Well, what if you get sick, I’ll say. What will the animals do? The coyote might become aggressive and attack some unsuspecting child or small pet; maybe jump over the fence and bite me for interfering with its supper.

She’ll shake her head like last time and say she doesn’t agree with my assessment.

I’ll say, Okay, you win; let the skunks fill up the afternoon air with stink, let the coyote become a stalker, let the crows caw to their hearts content. I give up, I give up.

But it didn’t go like that.
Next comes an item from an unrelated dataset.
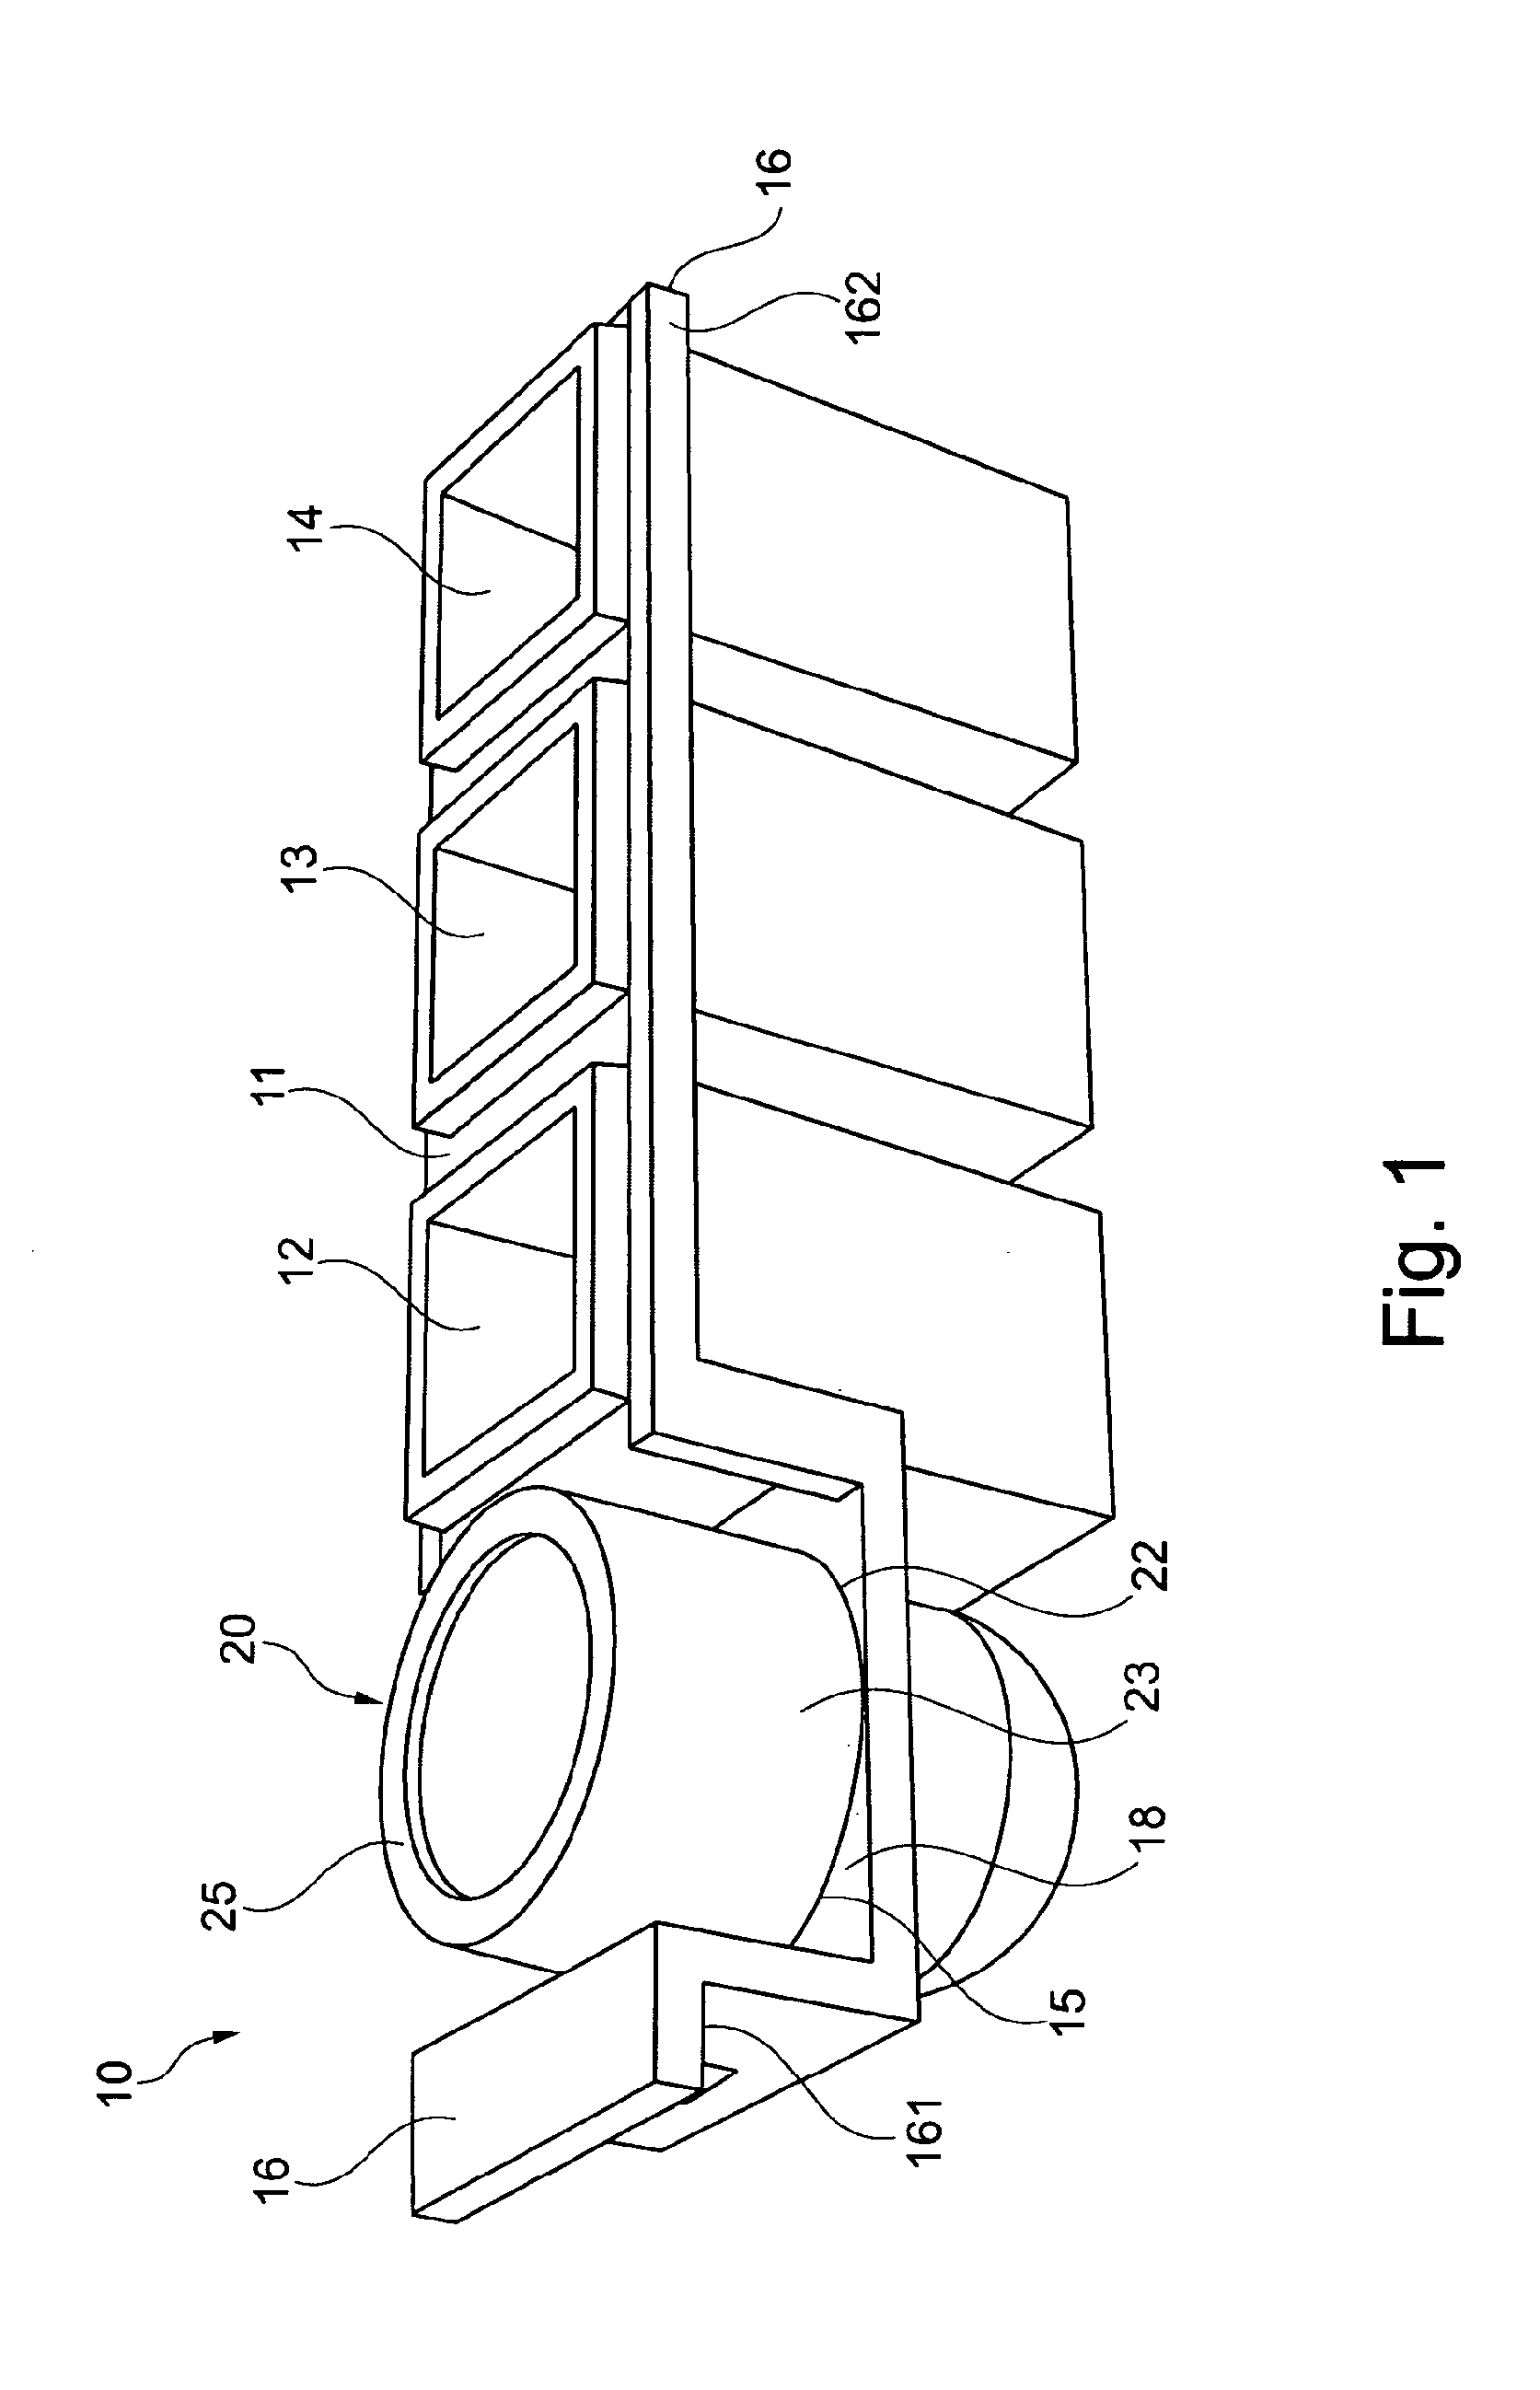 Reagent cartridge for an assembly for selectively performing a clincial chemical test or an elisa test, use of said reagent cartridge and assembly

When I called her at noon to talk about the problem, she was all good graces; she said she had wondered herself if she was doing the right thing. As a child during the war, she lived on the edge of a forest, and it was only natural to feed the animals during winter. I gently reminded her, that here in sunny CA, an abundant harvest is always available; there’s enough little voles and moles to fill up Dodger Stadium. So, she agreed to stop. If she couldn’t feed one, she wouldn’t feed any. She promised, no more food.

But I feel a little guilty that she won’t have the animals to feed. She’s lonely up here on this hill since her husband died five years ago; her daughter lives in Pennsylvania and comes out only a few times a year. It must give her pleasure to take care of so many small creatures. I wonder if I’ve done more harm than good.

P.S. Woke up this morning and noticed three bowls in her yard, and a possum lurking about. What the…??